War Stories: Guava, Ehcache, Garbage Collection

We're in the process of moving all of our major business logic out of our clunky Drupal frontend to Java backend services, and we took another big step down that road this week by moving all of the logic for filtering of our product grids to our new integration service. This release was the culmination of months of work and planning that started at the beginning of the year, and it gets us over a major functionality hump. The results are looking good, we've saved almost 3s average page load time for this feature. Yes, that's right, three seconds per page load.

As you may guess from the title of this post, the release was not entirely smooth for our infrastructure team. The functionality got out successfully, but two hours after we released we started noticing slowness on the pages, and a quick audit showed frequent full GCs on the services. Some rogue caching was being exercised much more than we had seen during load testing. After some scrambling, we resized the machines and restarted the VMs with more memory. Fortunately the cache would only get so big, and we could quickly throw more memory onto the machines (thank the cloud!). Crisis averted, we set to fixing the caching so that we wouldn't hit slow FGCs.

The fix seemed fairly straightforward; take the cache, which was originally caching parameters mapped to objects, and instead just cache the object primary ids. So the project lead coded up the fix, and we pushed it out. 

Here's the fix. Notice anything wrong? I didn't. We're big fans of Guava and use List transformers all over the place in our code base. So we load test that again, and it looks ok for what our load tests are minimally worth, so we push it onto one of our prod boxes and give it a spin.

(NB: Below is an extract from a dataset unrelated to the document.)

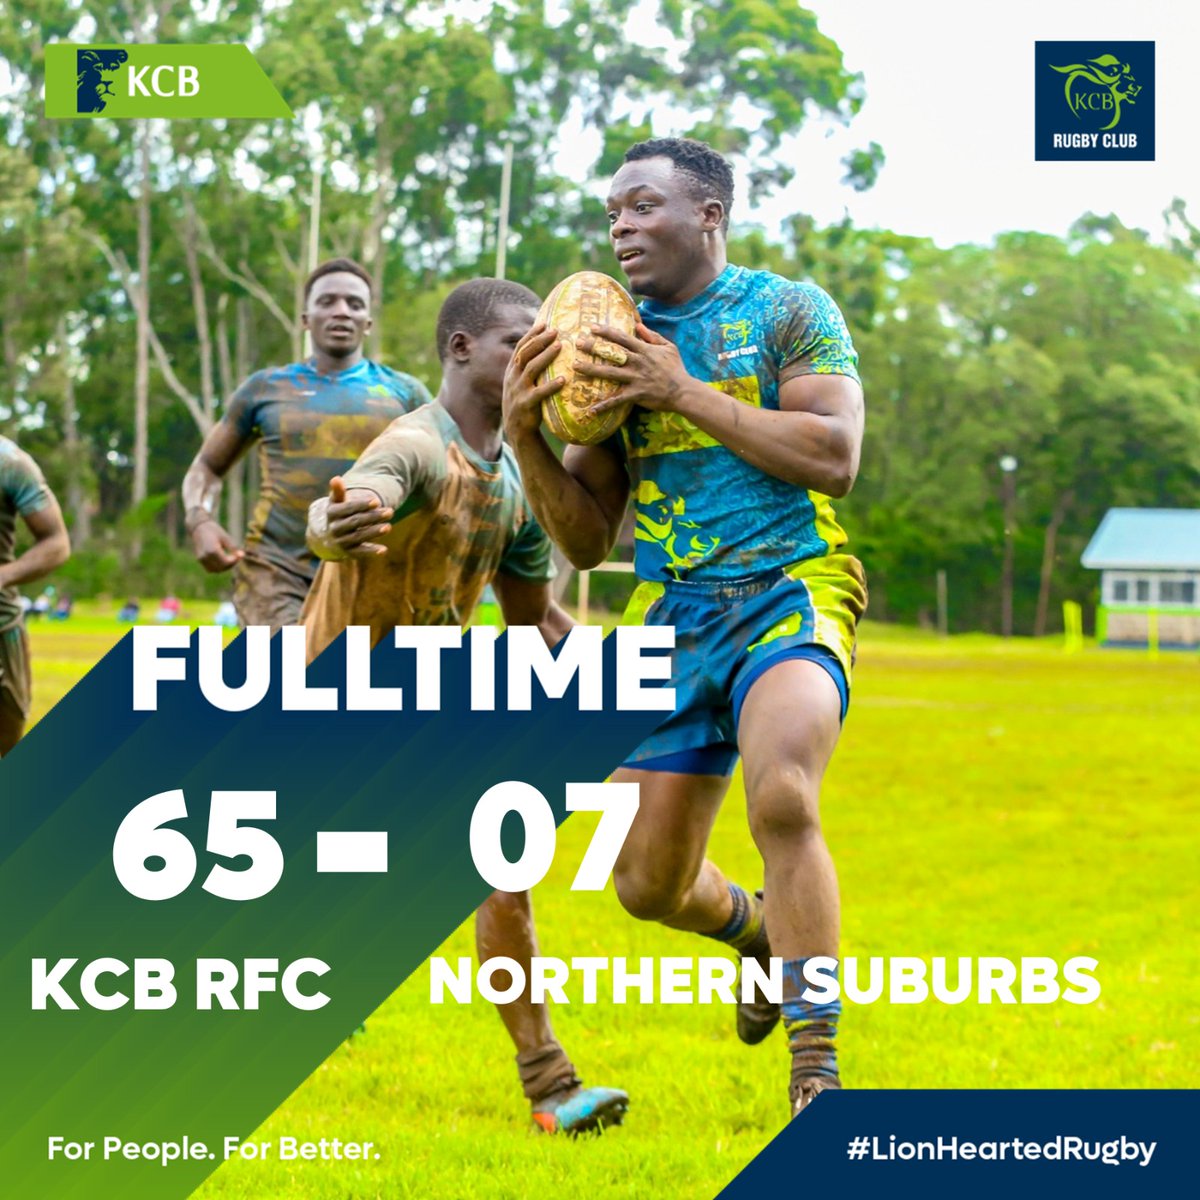 Congratulations to the entire team for showcasing sheer brilliance and teamwork out there! Keep up the good work! 🏆

#LionHeartedRugby #KCBNiYetu

At first, it seemed just fine. It hummed along, seeming to take less memory, but slowly but surely the heap grew and grew, and garbage collected more and more. We took it out of the load balancer, forced a full GC, and it still had over 600m of active heap memory. What was going on?

I finally took a heap dump and put the damned thing into MAT. Squinting at it sideways showed me that the memory was being held by Ehcache. No big surprise, we knew we were caching things. But why, then, was it so big? After digging into the references via one of the worst user interfaces known to man, I finally got to the bottom of an element, and saw something strange. Instead of the cache element containing a string key and a list of strings as the value, it contained some other object. And inside that object was another list, and a reference to something called "function", that pointed to our base class. 

As it turns out, Lists.transform is a lazy function. Instead of applying the transformer to the list immediately and returning the results, you get back an object that acts like a list but only applies the transform on the objects as you retrieve them the first time. Which is great for saving a bit of time up front, but absolutely terrible if you're caching the result to save yourself memory. Now, to be fair, Guava tells you that this is lazy in the javadoc:
But not until you get to the third part of the doc, and we are even lazier than Guava in our evaluation. So, instead of caching the list as it is returned from Lists.transform, we call Lists.newArrayList on the result and cache that. Finally, problem solved.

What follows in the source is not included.